About this exercise: Leave every picture out, then reproduce the rest of the listing exactly.

Input data:
*** Block opens ***

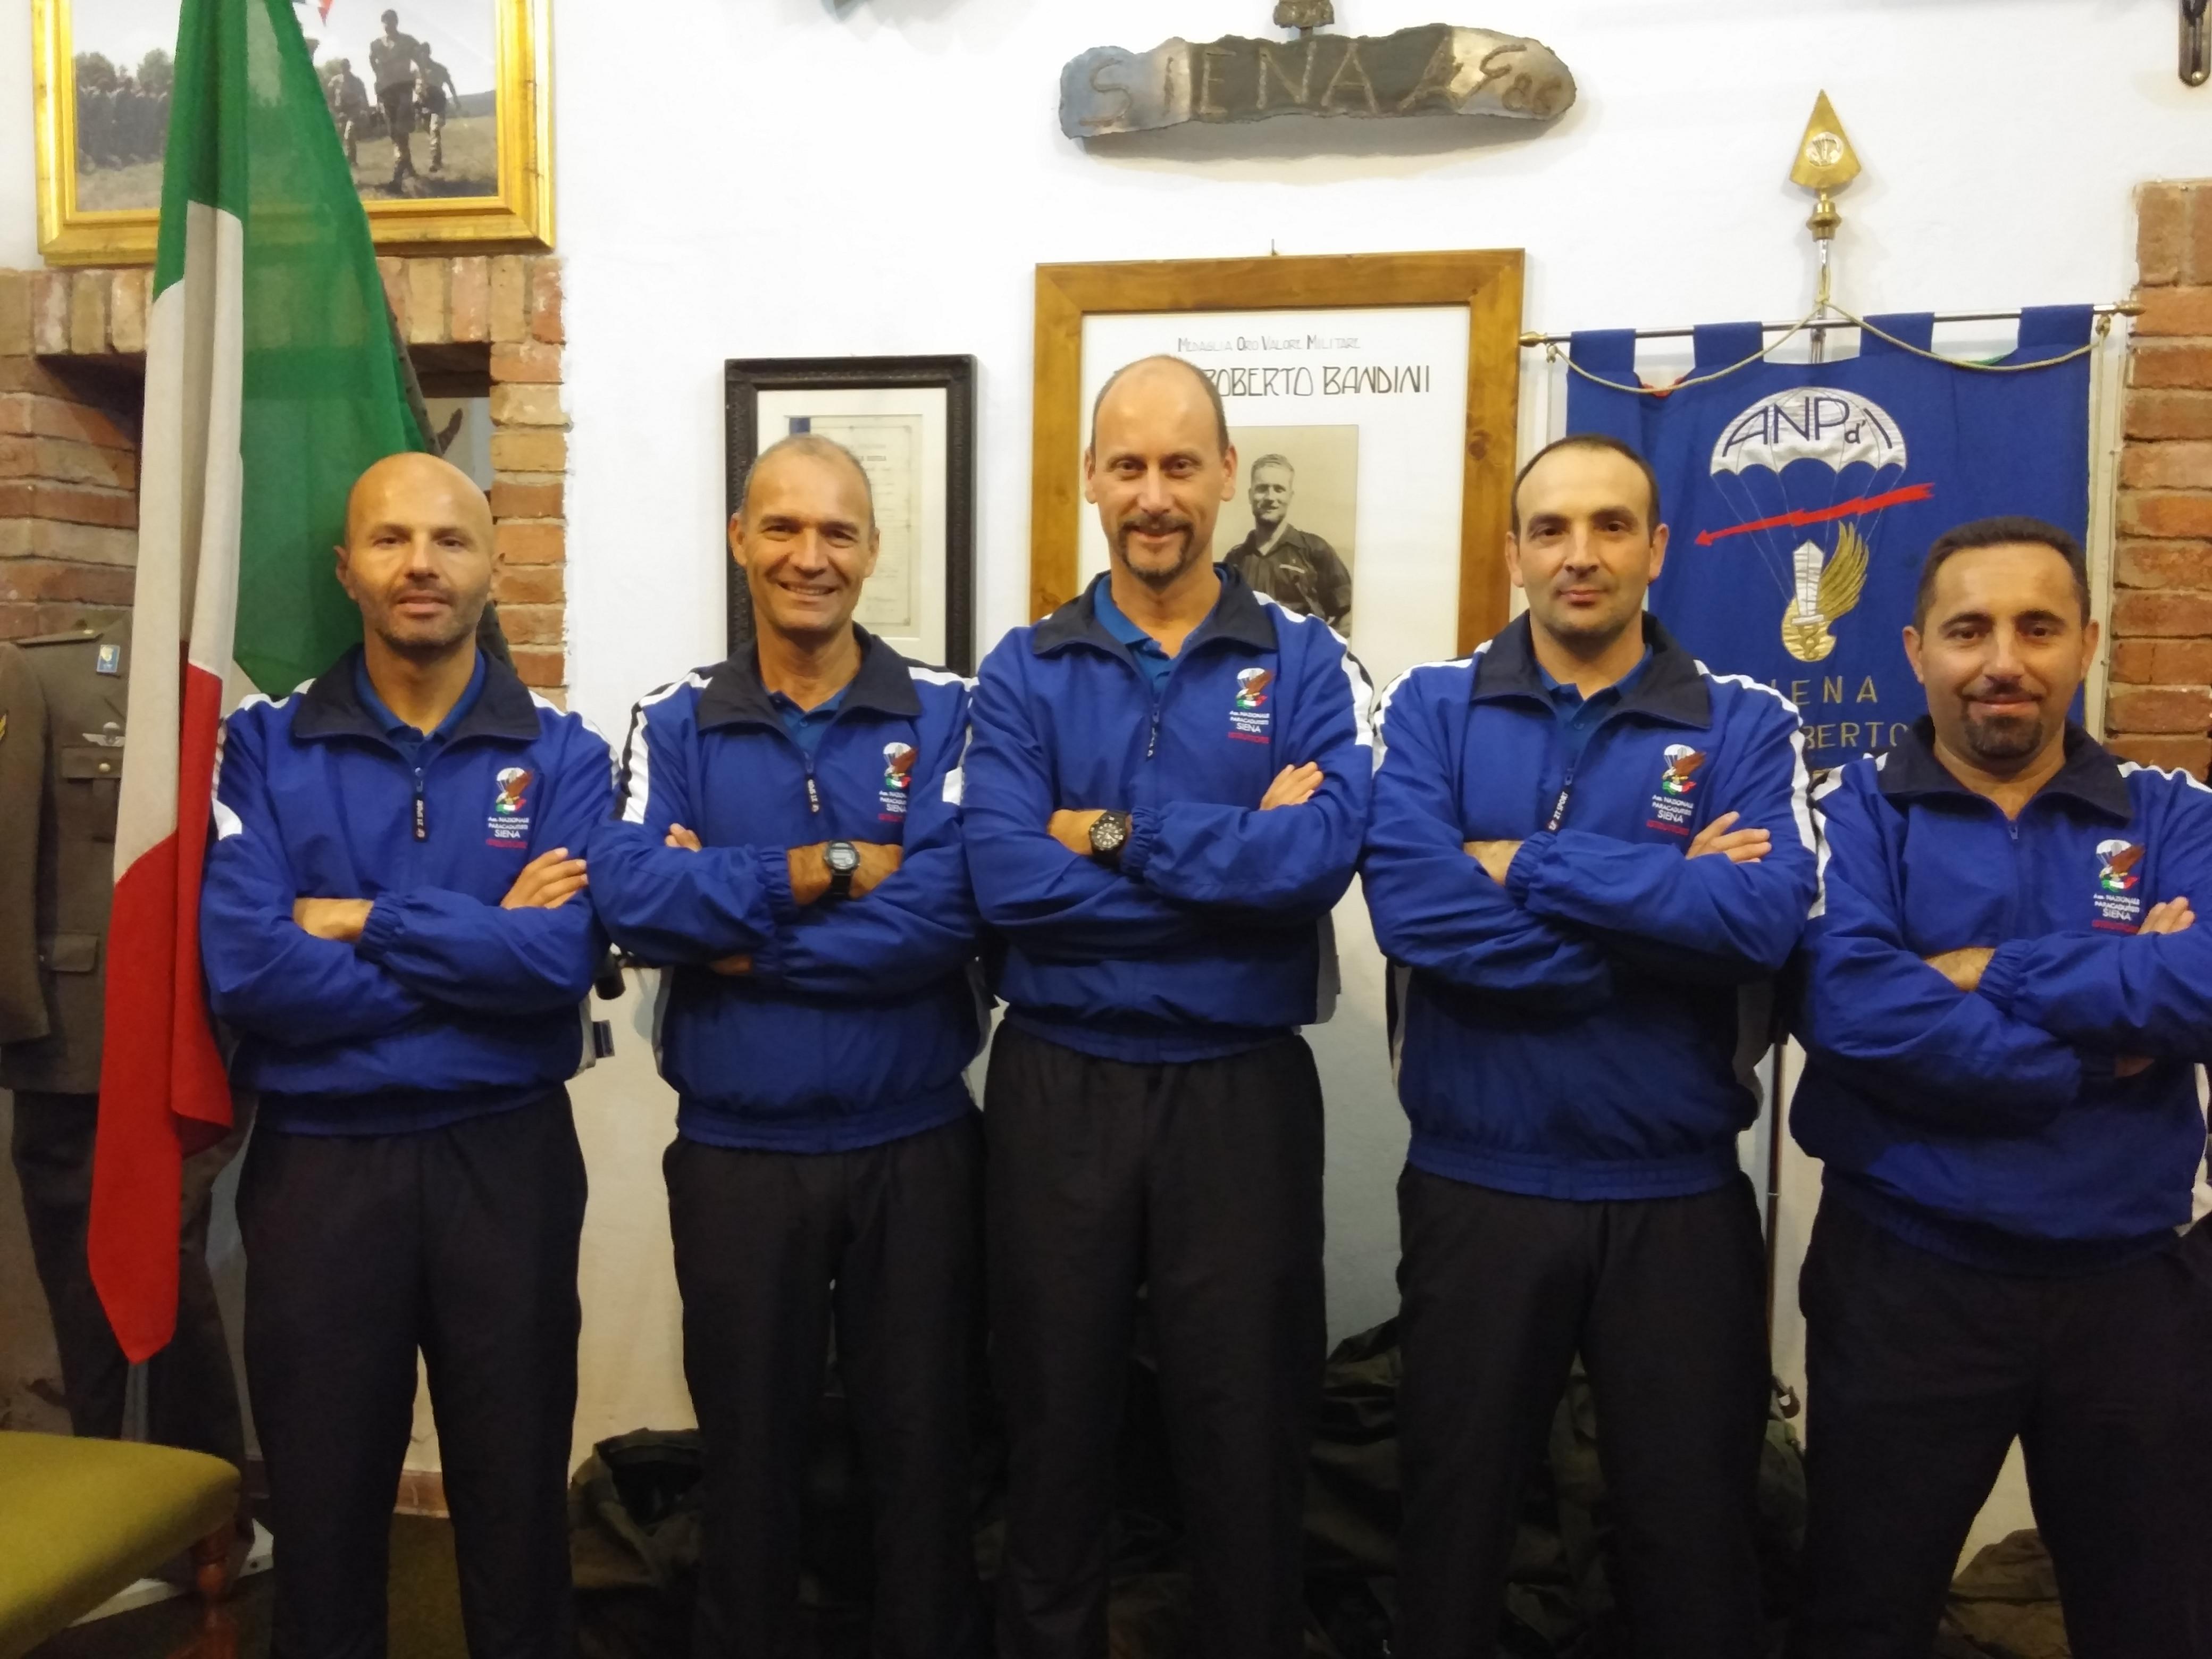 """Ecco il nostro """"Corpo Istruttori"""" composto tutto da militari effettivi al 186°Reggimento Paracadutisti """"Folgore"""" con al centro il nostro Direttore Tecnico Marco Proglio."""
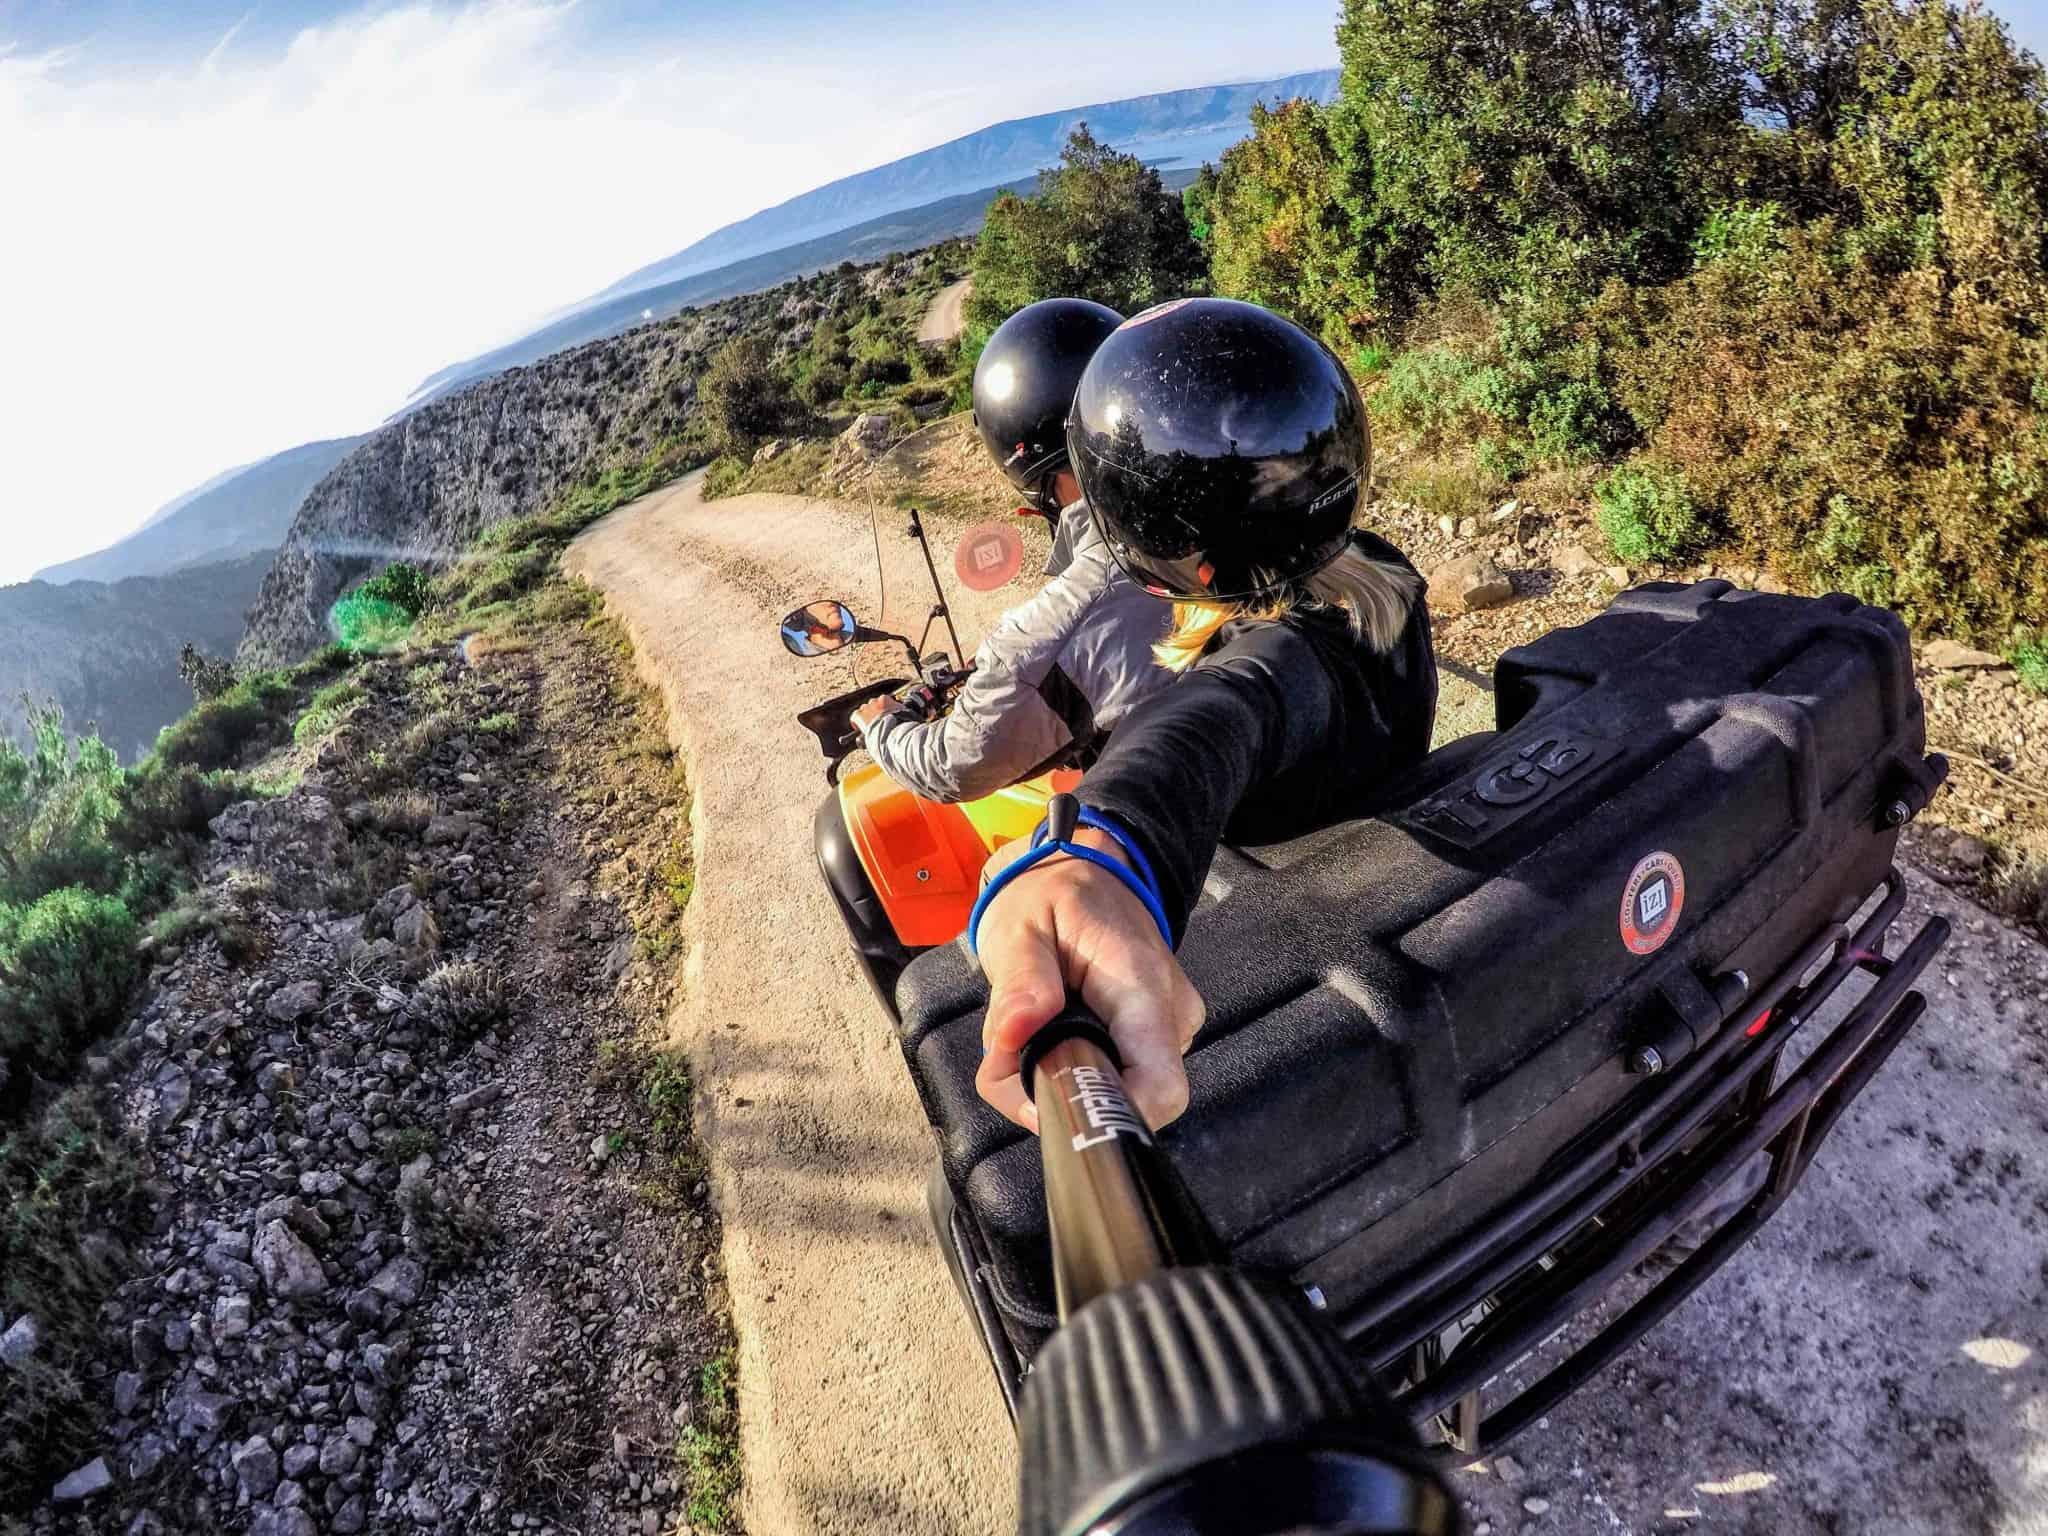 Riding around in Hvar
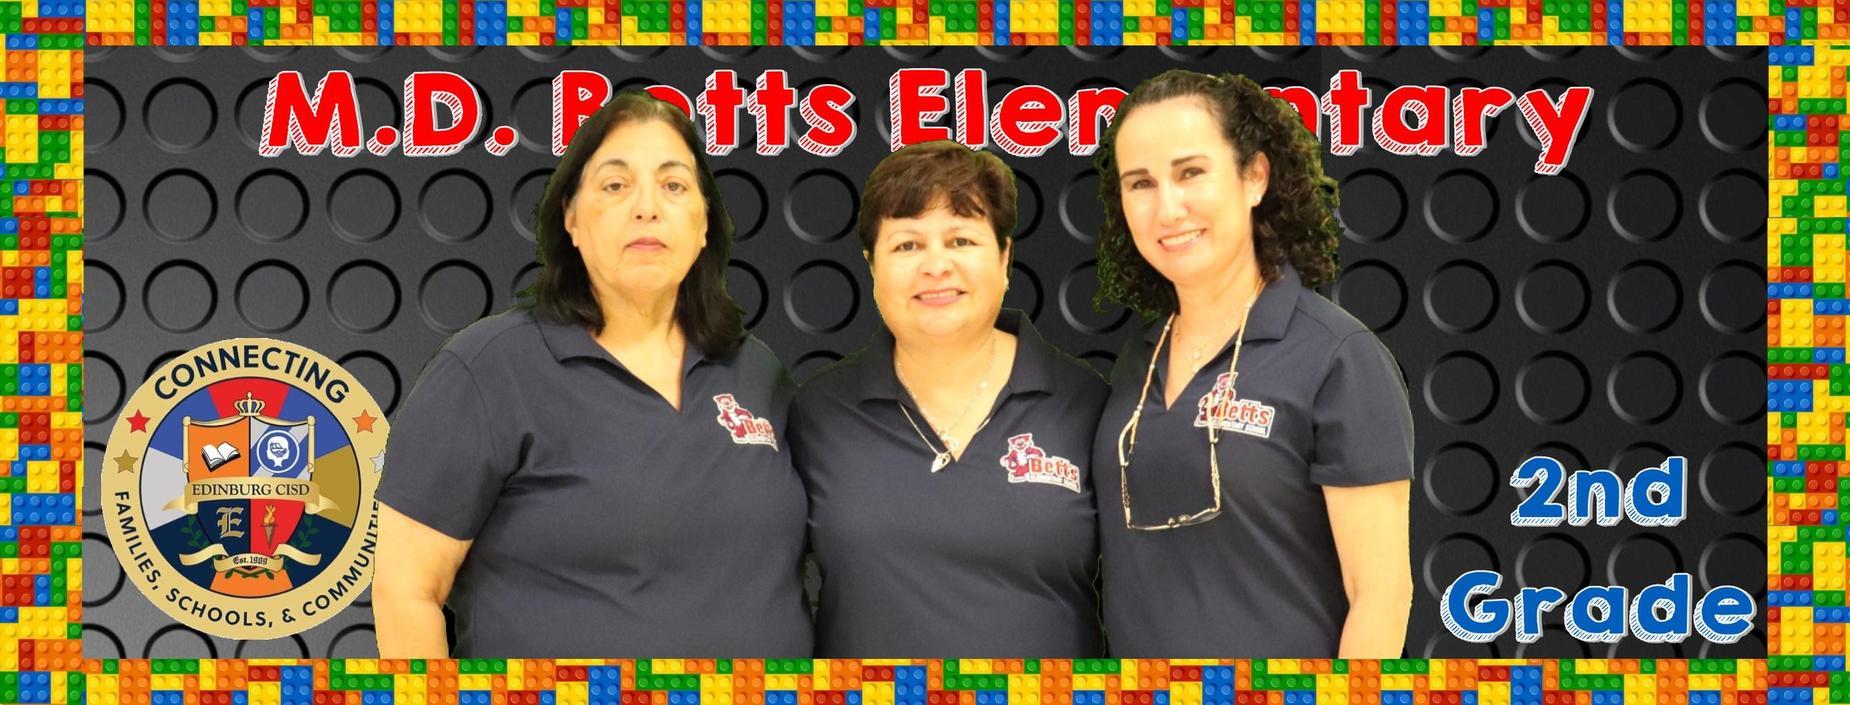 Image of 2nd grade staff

*** Block closes ***

Task solution:
 """Ecco il nostro """"Corpo Istruttori"""" composto tutto da militari effettivi al 186°Reggimento Paracadutisti """"Folgore"""" con al centro il nostro Direttore Tecnico Marco Proglio."""
 Riding around in Hvar
 Image of 2nd grade staff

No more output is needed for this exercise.